Oracle DB is, or was, very close to that with its query profiles, baselines, and query patches. It wasn't automatic back in 2014 when I last worked on it, but all the tools were there. Heck, it was possible to completely rewrite a bad query on the fly and execute a re-written variant. I suppose it all stems from the fact that Oracle is regularly used under massive black boxes, including the EBS.

Also, the problem with automatic indexing is that it only gets you so far, and any index can, in theory, mess up another query that is perfectly fine. Optimizers aren't omniscient. In addition, there are other knobs in the database, which affect performance. I suppose, a wider approach than just looking at indexes would be more successful. Like Ottertune, for example.

dmurray · 2024-04-14T17:09:12 1713114552

> Heck, it was possible to completely rewrite a bad query on the fly and execute a re-written variant.

Is there really such a thing as a bad query that can be rewritten to give the same results but faster? For me, that's already the query optimizer's job.

Of course there are "bad queries" where you query for things you don't need, join on the wrong columns, etc. And yeah the optimizer isn't perfect. But a query that you expect the query optimizer to "rewrite" and execute in an optimal way is a good query.

magicalhippo · 2024-04-15T04:25:36 1713155136

Highly database dependent, as the query optimizer can only perform the tricks programmed into it.

For instance, we use SQLAnywhere at work (migrating to MSSQL), and it wasn't smart about IN (sub-query) so EXISTS was much faster.

Or, as I mentioned in another comment here, MSSQL performs much worse using a single OR in WHERE clause vs splitting into two queries and using UNION ALL, something which has no significant difference in SQLAnywhere.

For MSSQL I've found that even a dozen sub-queries in the SELECT part can be much faster than a single CROSS APPLY for fetching per-row data from another table.

Also the query might rely on certain assumptions that will in practice always hold in that application, but not in general.

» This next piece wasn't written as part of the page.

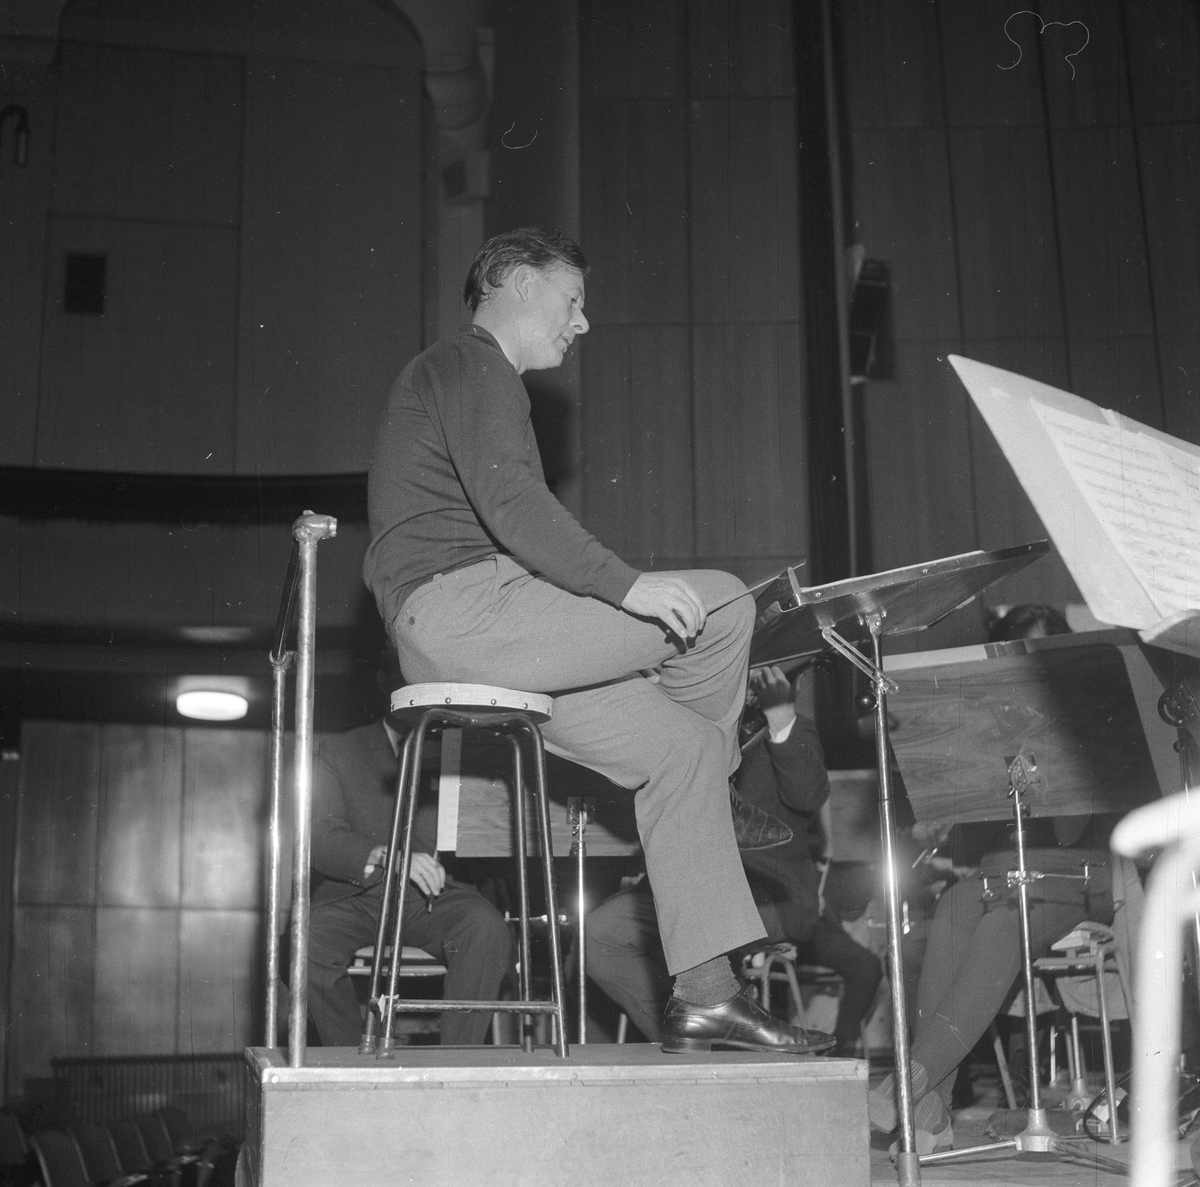 Fra Bergen Filharmoniske orkester 200 års jubileum. Orkester spiller. Fotografert september 1965.

Especially around NULL, for example NOT IN vs NOT EXISTS[1].

[1]: https://www.mssqltips.com/sqlservertip/6013/sql-server-in-vs...

Scene_Cast2 · 2024-04-14T18:10:20 1713118220

One example is that in Presto, joins assume that left (IIRC) table is the big one you stream, and the right one is the small one you hash. One of the newer features was that in some cases, the optimizer is able to ignore the SQL order and correctly pick which table to hash and which one to stream.

legulere · 2024-04-14T19:51:49 1713124309

Isn't that just basic table/index statistics to know which table is the smallest?

Scene_Cast2 · 2024-04-15T00:49:10 1713142150

Not if you're joining on a filtered table or a result of another join.

arronax · 2024-04-15T15:14:38 1713194078

> Of course there are "bad queries" where you query for things you don't need, join on the wrong columns, etc.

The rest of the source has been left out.